Wednesday, 29 May 2013

I’m enjoying a few days off work at the moment.  We are currently holidaying at home, well sort of.  There have a been a couple of day trips, the house is looking the cleanest we’ve achieved in months, I’ve successfully had my hair cut for the first time in too long to share here and our old car has struggled through its MOT.  Not exactly like holidaying in Tuscany but we are enjoying ourselves.  It feels good to have time to do simple things.  I’ve also been having a chard moment so brace yourselves for a few recipes featuring chard in the coming weeks.  In the absence of my beloved kale, chard is in season at the moment and it’s so pretty.  I love the multicoloured stems.  I treat it much like kale in that it only needs a couple of minutes to wilt and it’s done. 

I was inspired to make this pasta dish after spying a recipe for pasta with greens, garlic and chilli in Hugh Fearnley-Whittingstall’s book River Cottage Veg Everyday!  This is a great way to get your quota of healthy greens while enjoying a plateful of comforting carbs.  It also comes together quickly which is much appreciated in this house after work.  I decided to add lemon zest here as I love my greens spiked with a little lemon, it makes the flavours zing.  You can use any greens here, just go for what’s in season for the best flavour.

Adapted from River Cottage Veg Everyday! by Hugh Fearnley-Whittingstall.
Serves 2
Large handful of chard roughly chopped. Remove the stems, chop them up and set aside.
Purple sprouting broccoli roughly chopped.
½ onion or 1 shallots finely sliced.
Pinch of dried chilli flakes.
1 garlic clove finely sliced.
Grated zest ½ lemon.
150g gluten free pasta
To serve: extra virgin olive oil, toasted flaked almonds and hard goat cheese or parmesan.

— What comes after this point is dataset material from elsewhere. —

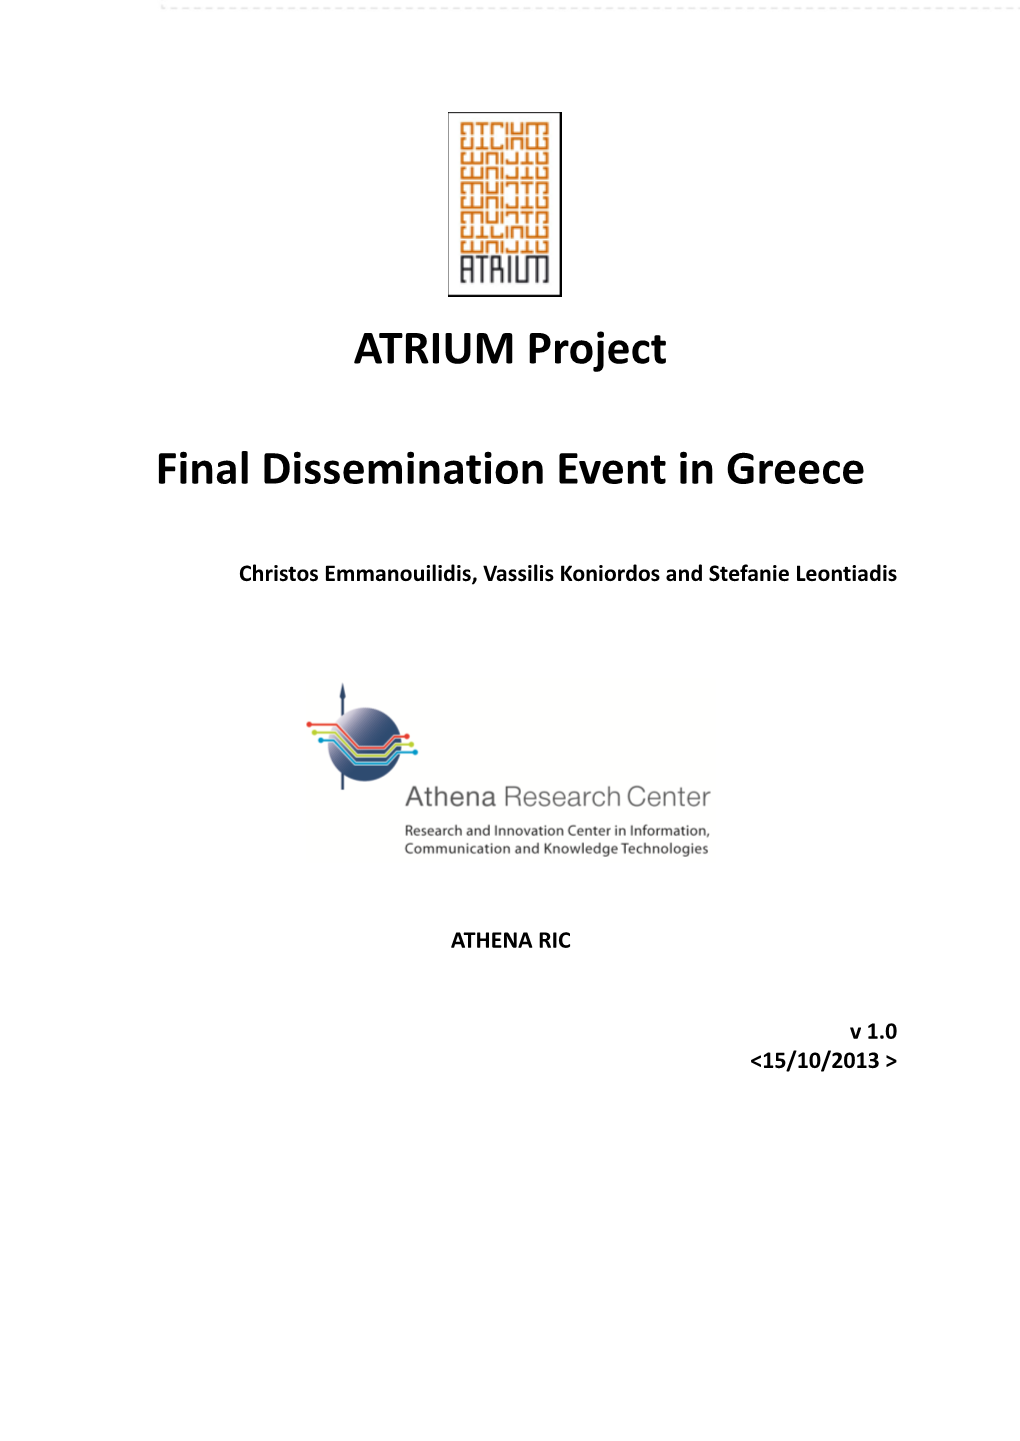 ATRIUM Project Final Dissemination Event in Greece

Set a large pan of water to boil and cook your pasta according to the pack instructions.  Warm a skillet with a little olive oil.  Add the onion and chard stems if using and cook for a few minutes until soft.  Next add the chilli flakes and garlic and continue to cook until fragrant, about 3 minutes.  Just before the pasta is cooked add the broccoli to the pasta water and the chard to the skillet.  Cook for a couple of minutes until the chard is wilted and the broccoli is blanched.  Drain the pasta and broccoli, rinse and return to the pan.  Add in the chard mixture and toss together.  Add the lemon zest and drizzle with a little extra virgin olive oil.  Grate in the cheese and mix in.  You might want to add a little pasta water or hot water from the kettle to loosen the final mixture.  Season and serve the pasta with extra cheese grated on top and toasted flaked almonds.

Asparagus Toastie!

Sunday, 19 May 2013

It’s that time of year where we are all going mad for asparagus or rhubarb.  Both have short seasons and therefore seem to hold an elevated place in foodie world.  Having decided that I wanted a toastie for my lunch I then started to ponder the filling.  Feeling experimental I decided an asparagus toastie was the way to go and it did not disappoint.  Of course when you are putting something between toasted bread and smothering it with melted cheese you can be pretty sure it’s going to taste good.  I lightly roasted the asparagus in extra virgin olive oil which gave it a nice crusty outer edge while still retaining a slight bite to the centre.  I think if you wanted to take this sandwich up a level then a fried egg inside would also be amazing.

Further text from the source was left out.